Targeting cullin-RING ligases for cancer treatment: rationales, advances and therapeutic implications

Shuju Wu 1,, Lijie Yu 1
PMCID: PMC4698256  PMID: 25899169

Abstract

New therapeutic intervention strategies for the treatment of human malignancies are always desired. Approval of bortezomib as a front-line treatment for multiple myeloma highlighted the significance of ubiquitin–proteasome system (UPS) as a promising therapeutic target. However, due to the broad impact of proteasome inhibition, deleterious side effects have been reported with bortezomib treatment. Cullin RING ligases (CRLs)-mediated ubiquitin conjugation process is responsible for the ubiquitin conjugation of 20 % cellular proteins that are designated for degradation through the UPS, most of them are critical proteins involved in cell cycle progression, signaling transduction and apoptosis. Studies have depicted the upstream NEDDylation pathway that controls the CRL activity by regulating the conjugation of an ubiquitin-like-protein NEDD8 to the cullin protein in the complex. A specific pharmaceutical inhibitor of NEDD8 activating enzyme (NAE; E1) MLN4924 was recently developed and has been promoted to Phase I clinical trials for the treatment of several human malignancies. This article summarizes the most recent understanding about the process of NEDD8 conjugation, its relevance for cancer therapy and molecular mechanisms responsible for the potent anti-tumor activity of MLN4924.

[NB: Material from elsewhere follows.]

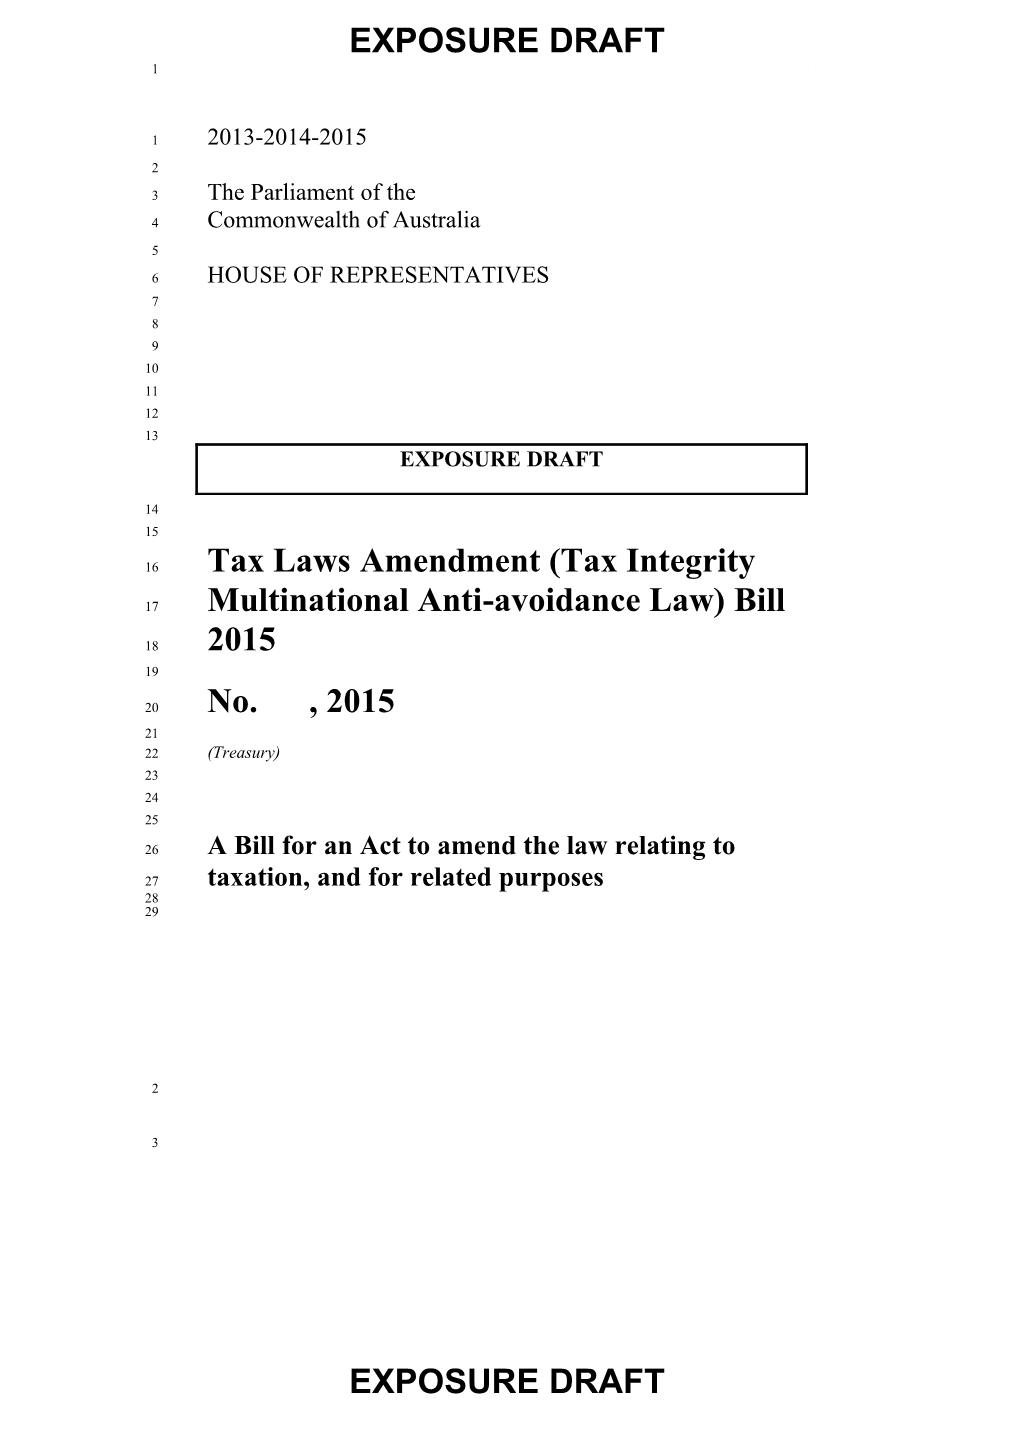 Exposure Draft - Tax Integrity Multinational Anti-Avoidance Law

Keywords: NEDDylation, NEDD8, Ubiquitin, MLN4924, mTOR, DNA damage

Introduction

The ubiquitin–proteasome system (UPS) does not obviously drive any oncogenic pathways and yet bortezomib (Velcade®)-mediated specific inhibition of proteasome, the system responsible for the final step of protein degradation, turned out to be a paradigm shift therapeutic strategy for multiple myeloma treatment (Field-Smith et al. 2006; Richardson et al. 2005, 2007). Clinical trials of bortezomib in other types of tumors, including mantle cell lymphoma, acute leukemia and non-small cell lung cancer also highlighted the significance of UPS as a novel target for human malignancy management (clinicaltrials.gov). Bortezomib-mediated proteasome inhibition was depicted to exert its potent anti-myeloma activity by inhibiting NFκB signaling, stabilizing pro-apoptotic proteins and triggering endoplasmic reticulum (ER) stress/unfolded protein response (UPR) (Mujtaba and Dou 2011). Mechanistically, however, since proteasome is also an essential system for normal tissue cell survival, bortezomib-mediated proteasome inhibition may cause serious side effects as have been reported in clinical trials. Typical side effects include thrombocytopenia, gastrointestinal toxicities and peripheral neuropathy (Richardson et al. 2005, 2007). Last 35 years’ endeavor uncovered the detailed molecular mechanisms mediating the transferring and conjugation of ubiquitin (Ub) proteins to their substrate targets. Consequently, a new therapeutic intervention strategy that will more specifically and potently impede cancer relevant portion of the UPS will presumably exert potent anti-tumor activity and in the meantime, will be well-tolerated by the patients.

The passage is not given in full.